A survey late last year by the Organisation for Economic Co-operation and Development (OECD) ranked South Africa worst among emerging markets in terms of regulations that increase compliance costs that discourage businesses from investing.

‘Cost of doing business’

“The problem is clear; it has been presented in different ways and formats to the government. We have red tape-cutting committees; it gets mentioned in every speech, but nothing gets done about it. It all comes back to the cost of doing business. It is not getting any cheaper or easier to do business in South Africa.

“Even if you jump through all the hoops, it then takes far too long to get the permits and licences you need. You see this in the mining sector, you see it with things that just should be faster, because the rest of the world is doing these things faster.”

De Schepper says they have “relatively bullish conversations” with investors, “but this comes after a horrible decade when we grew 0.8% over the last 10 years. If we talk about 1.5% now, it’s double that, so there’s still some interest. But it’s not enough. In terms of business investment we’re still 15% or 20% below pre-Covid levels.”

The question is whether the government has the appetite and political will to drive the reform investors need to see.

“I think the appetite is there. But the sense of urgency that towards the end of 2024 and heading into 2025 was really top of mind and on every politician’s lips has been lost. It has not been translated into action or tangible results. Hopefully, the local government elections this year will inspire some urgency once again.”

In spite of business confidence ticking up last year, investment levels are far too low, she says.

“The only thing growing the economy at the moment is consumer spending, and we know that you can’t sustain an economy on consumer spending. That is what is driving the bit of growth momentum that we see. But at some point the consumer runs out of money if he doesn’t have a job, or his son or neighbour and so forth doesn’t have a job.

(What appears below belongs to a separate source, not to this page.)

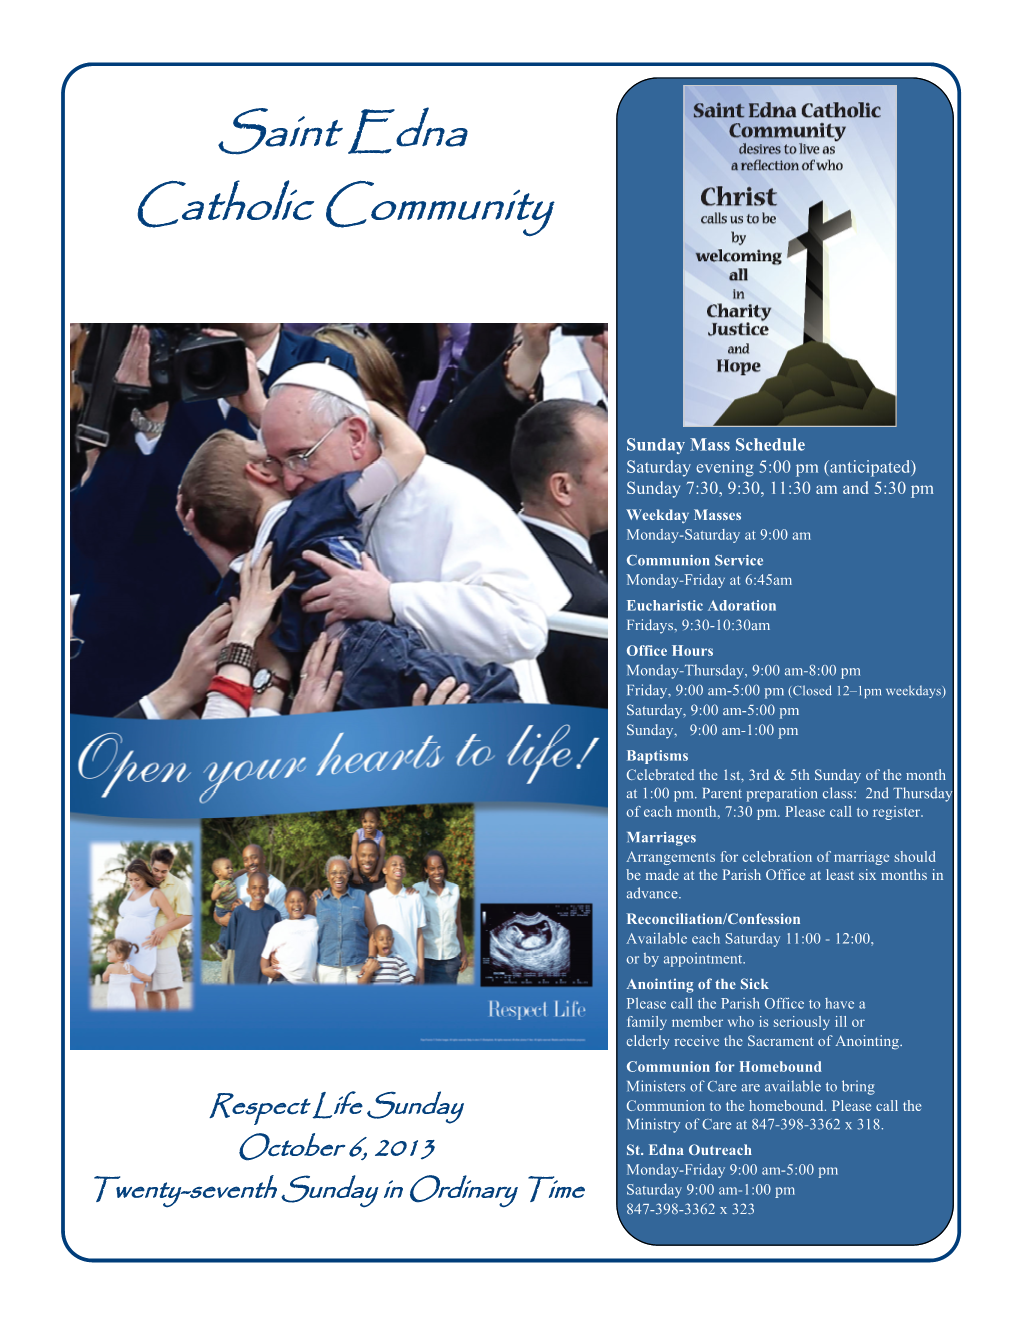 Saint Edna Catholic Community

“So it’s buying us a little bit of time for the investment engine to start running, but at the moment it is still stuttering. If you dive into the nitty-gritty detail of our investment data, you see a quarterly increase. Something looks a little bit better, something happens, but you don’t see that momentum building on itself. Forty percent unemployment is not sustainable. That is the real concern. The potential social unrest that comes with an unemployment rate like that is a risk that needs to be priced in.”

It makes recent talk about the commitment of the military to civilian control, and even concerns about a military coup, extremely concerning, she says.

“That was flagged by the minister in the Presidency as a risk last year, and everyone shrugged it off; it was glossed over. But it is certainly a bigger risk now. It should not be something you are having to worry about when you make investment decisions about South Africa, this renewed uncertainty about your president and his control over the national defence force and his cabinet.”